Each year as November moves toward the day, my contemplation increases. For those who know me well, “more contemplative” is hard to imagine, I’m sure. But it’s also true.
This year I realized with clarity that the fraction of my life where I had a brother in real-time is becoming small compared to my age. I’m now 36. I had a living little brother for 10 years, from ages 5 to 15. As I age, that time gets further removed and yet, no less important. I think there are those who assume that people grieving loss will eventually “get over it.” I say right here, my brother isn’t something to “get over” as if he was a spilled drink. He was my sibling. My playmate. He was a son. A grandson. A cousin. A nephew. A friend. A classmate. He’s not something you just get over or move on from. That language and expectation isn’t helpful. It’s also not what healing means.

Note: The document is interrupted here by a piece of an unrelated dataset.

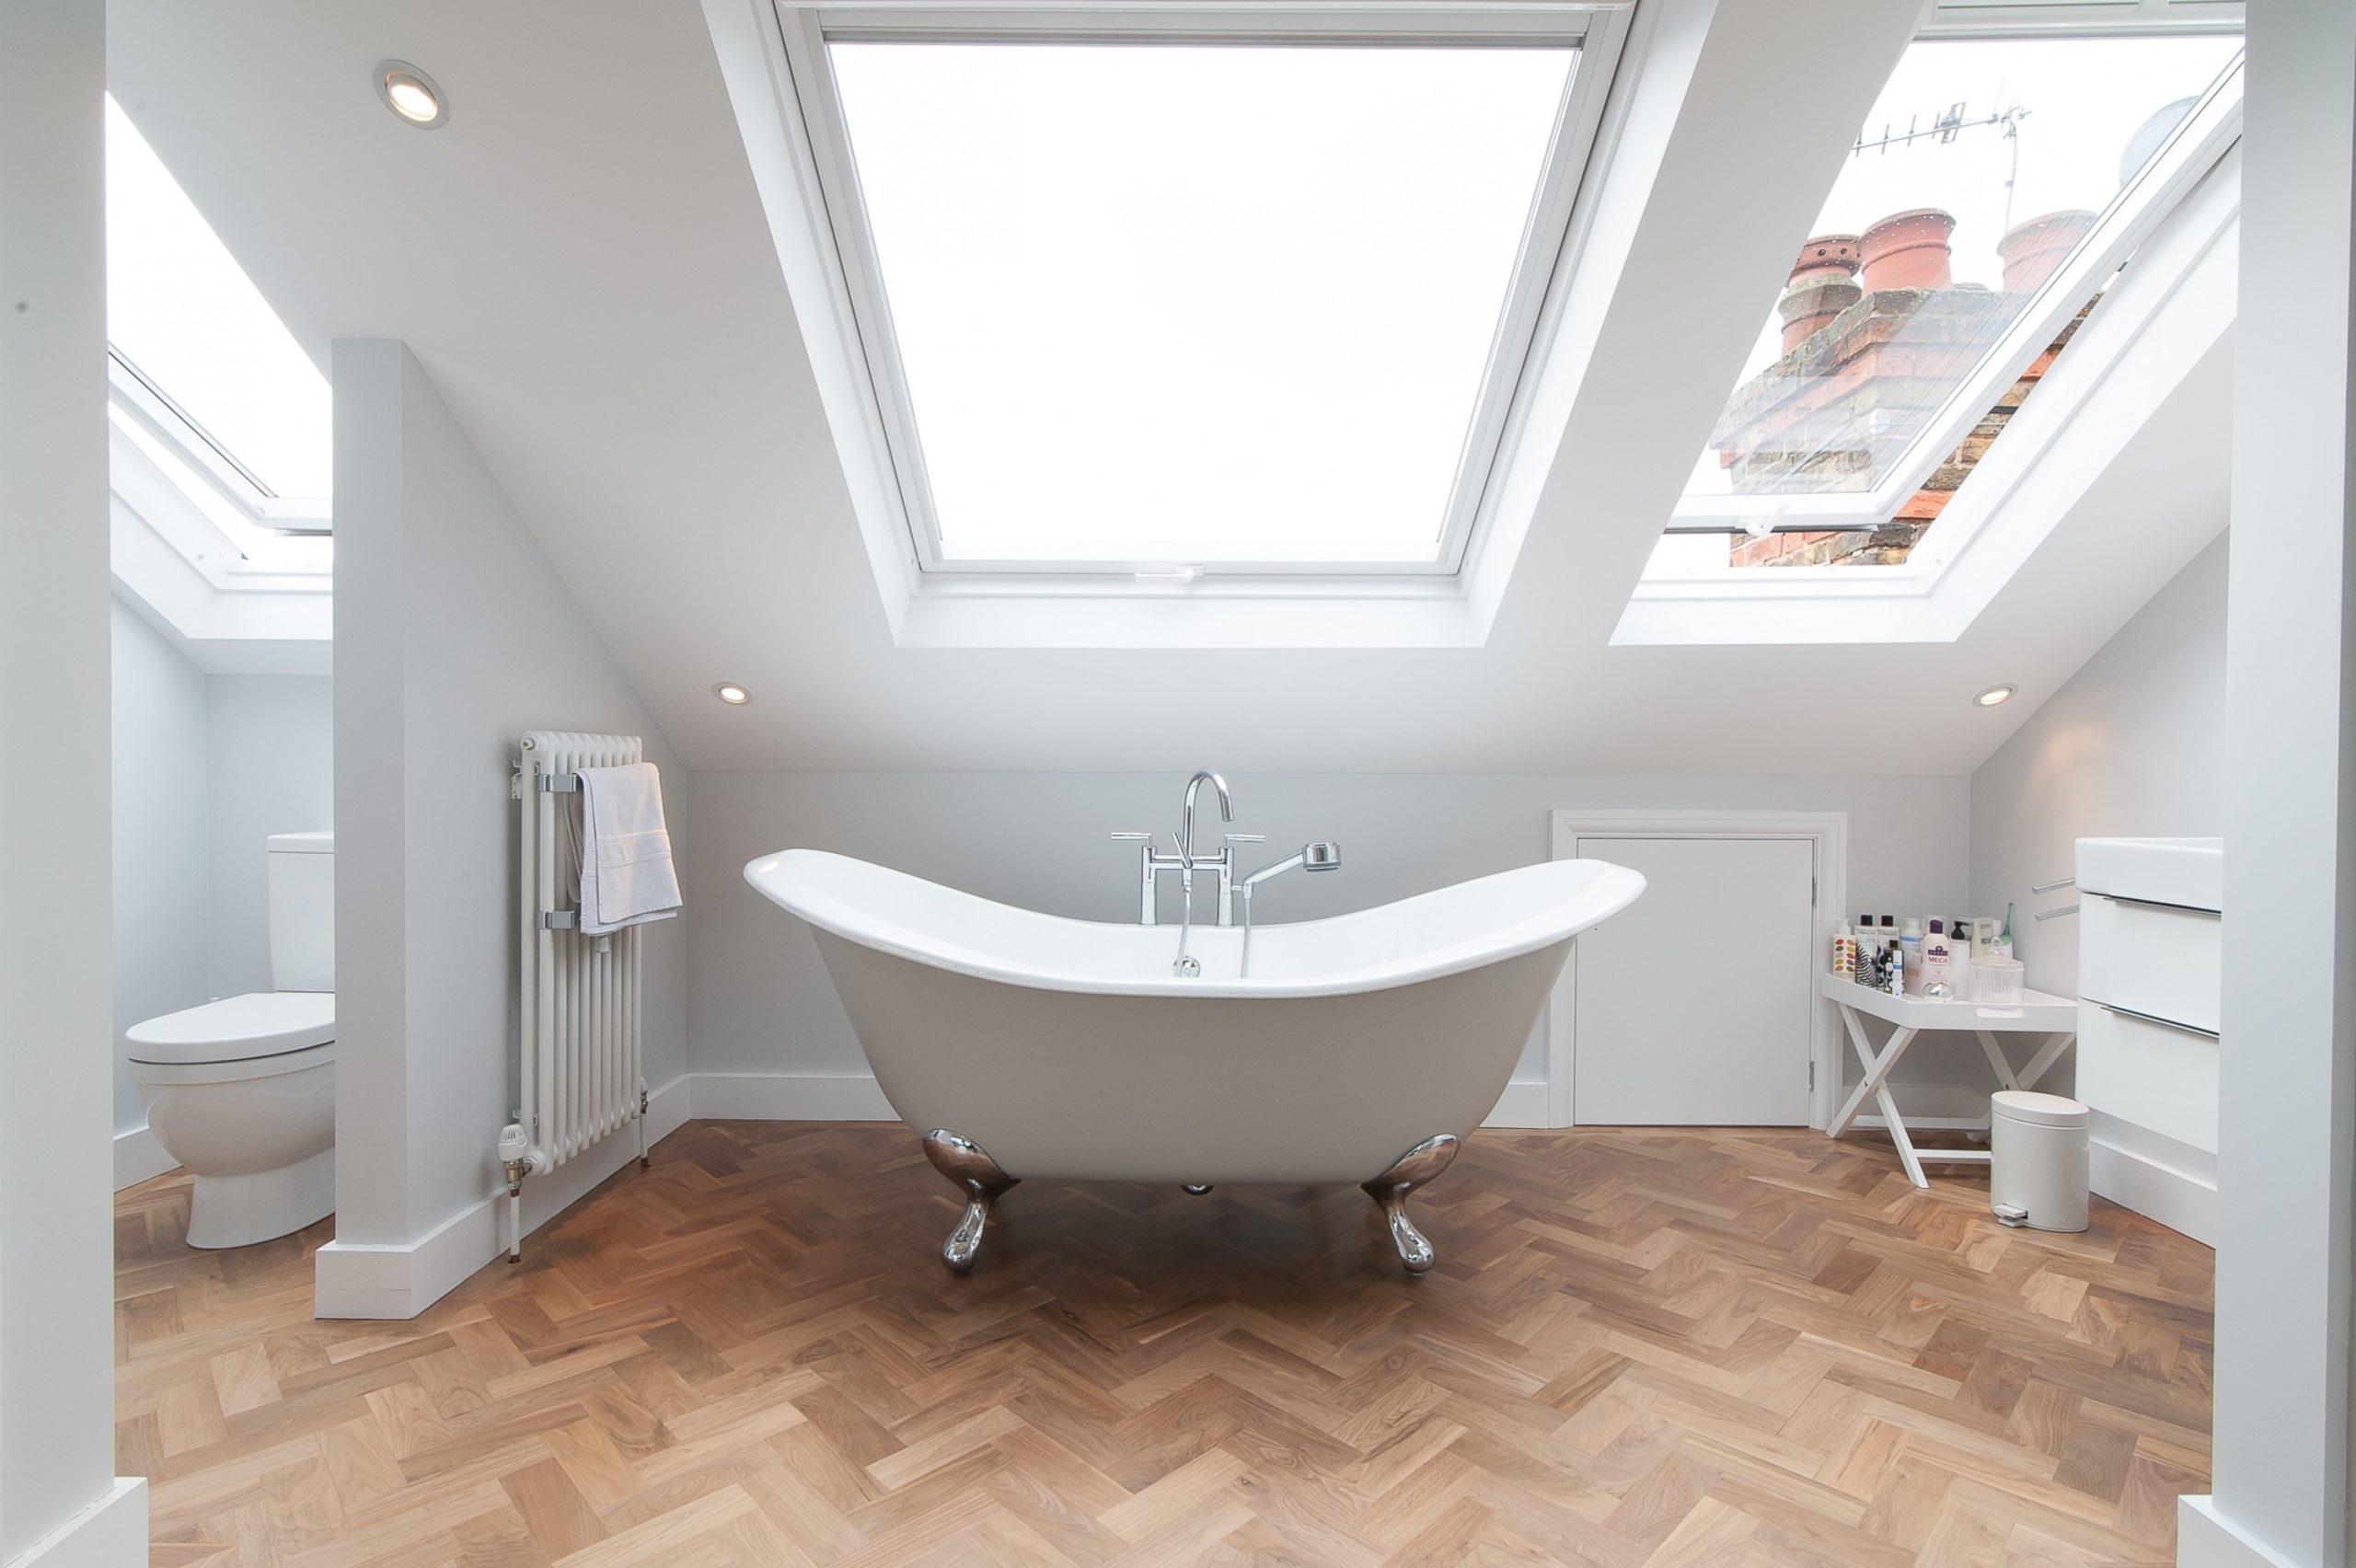 Une idée curieuse est de recouvrir le sol autour de la baignoire de parquet.

Additionally, I’ve been contemplating the implications of living in a completely different community from where I grew up. Whereas my childhood community knew my brother and remember the tragedy, that’s not the case for the majority of my current friends. If I never mentioned him, they wouldn’t know of his life or of his death. My husband never knew my brother and wasn’t around when my family’s world stopped spinning. While he entered my life just a few years later and tried to reconcile the heavy grief that overshadowed all holidays back then, he simply couldn’t fathom the intensity–he entered my life, but the death wasn’t his story. My kids know of their uncle. In fact, they call him Uncle Kenneth. But the reality is, they don’t know him. My current church body didn’t walk with me in the aftermath, nor did the Hillsboro community. So, in my day-to-day world, Nov. 15 is just another day. Except for me, as my world slows its spinning for a few waking hours and I end up behind everyone else. Perhaps some would suggest ignoring the day. Stuff it. Keep busy. Don’t think. But I’d say, pretending is no longer an option. I’ve tried. The strategy doesn’t work. And anyway, that particular pair–ignoring and pretending–isn’t what healing means, either.

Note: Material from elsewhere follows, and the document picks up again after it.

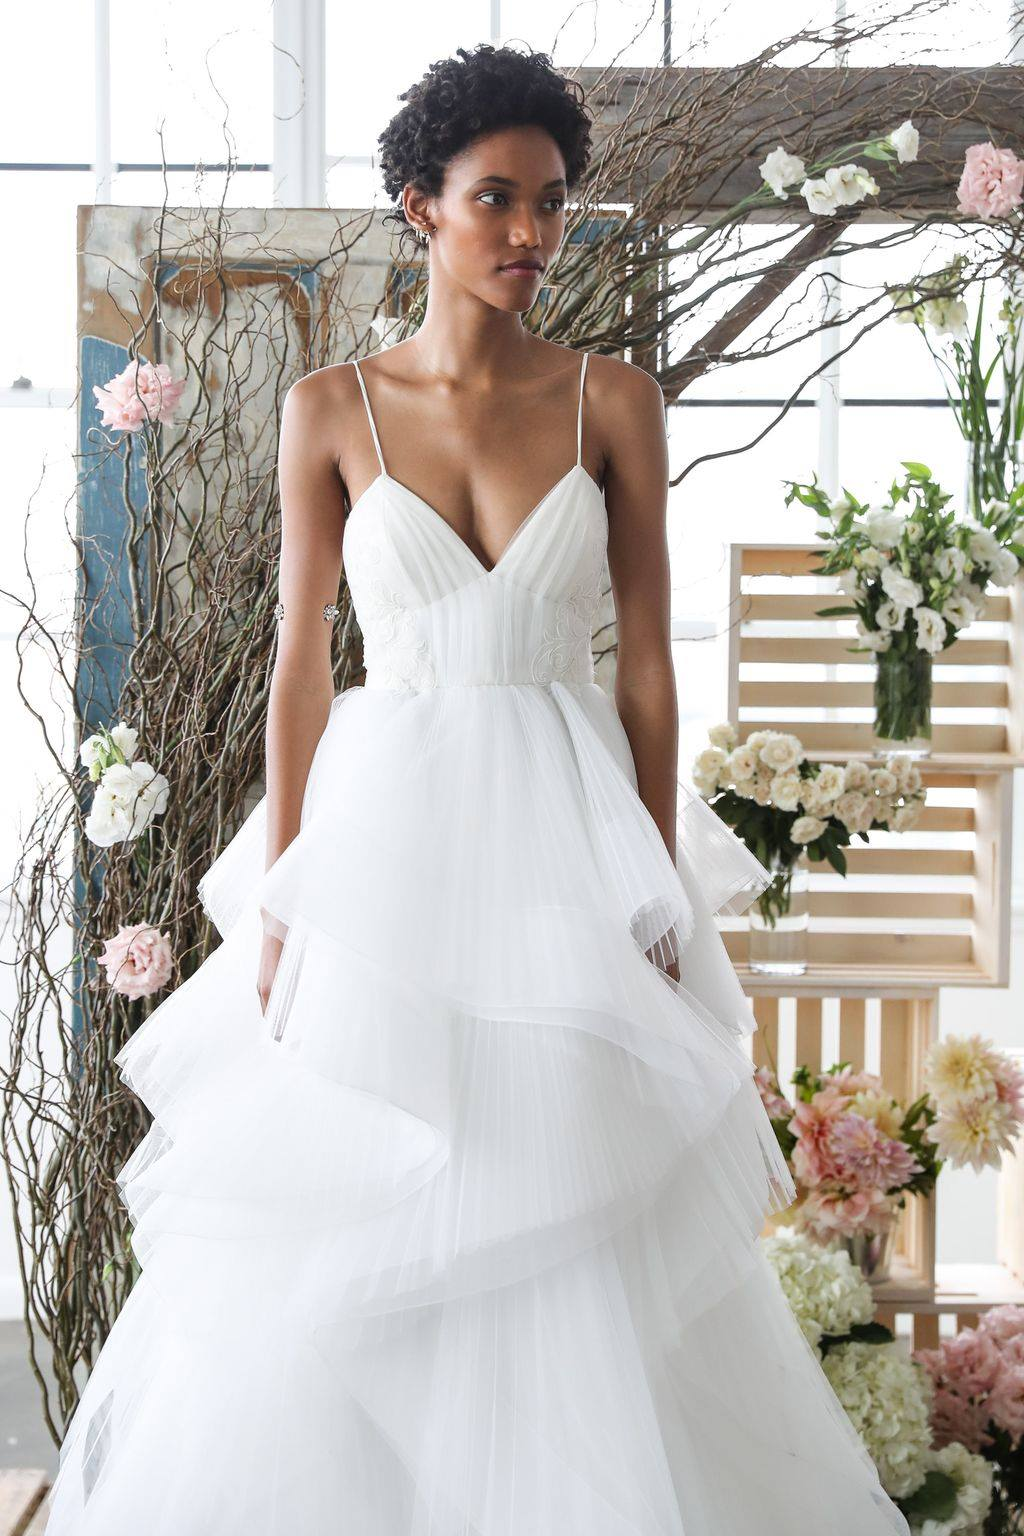 Modele de rochie de mireasa - Rochie volane - Wedding Consulting by Marian Ionescu

So what does healing mean?
While healing isn’t the absence of pain, it’s also not the absence of joy. It’s the realization that emotions co-exist.
Jones explains, “Healing is allowing joy to enter a heart of pain.”
I first remember this happening years ago when I realized that a dear pastor from my past shares his birthday with my brother. For this man and his family, Nov. 15 is a day of celebration. Because I care about him, I am thankful for his birth. I want to celebrate him. It gave me another element to focus on in the midst of pain. It was a small beckoning to pull back from my own grief just a bit to see more of the world around me. Joy entered the pain.
“Sometimes memories bring joy and sometimes they bring sadness,” Jones writes. “It’s okay to cry. Don’t pretend it doesn’t hurt. And it’s okay to laugh. The past may bring a smile, or present situations with old and new friends can add memories to my life. Don’t stifle the joy either. In fact, I’ve learned I must express both joy and pain. When I avoid one or the other, I lose them both. The concept took a while to process. When I try to eliminate pain in my life, I find I don’t experience joy either. It’s comparable to a pendulum swinging back and forth in perpetual motion. If I stick an object into the swing of it, to stop it from swinging too far one way, it will also stop swinging as far the other way too. Likewise, the more I deny myself sorrow, the less capable I am of joy. It’s simple, really. A healed heart works again. It’s able to feel both positive and negative emotions. Joy and sorrow.”
Renewed thinking. Joy mingling with pain. That’s healing.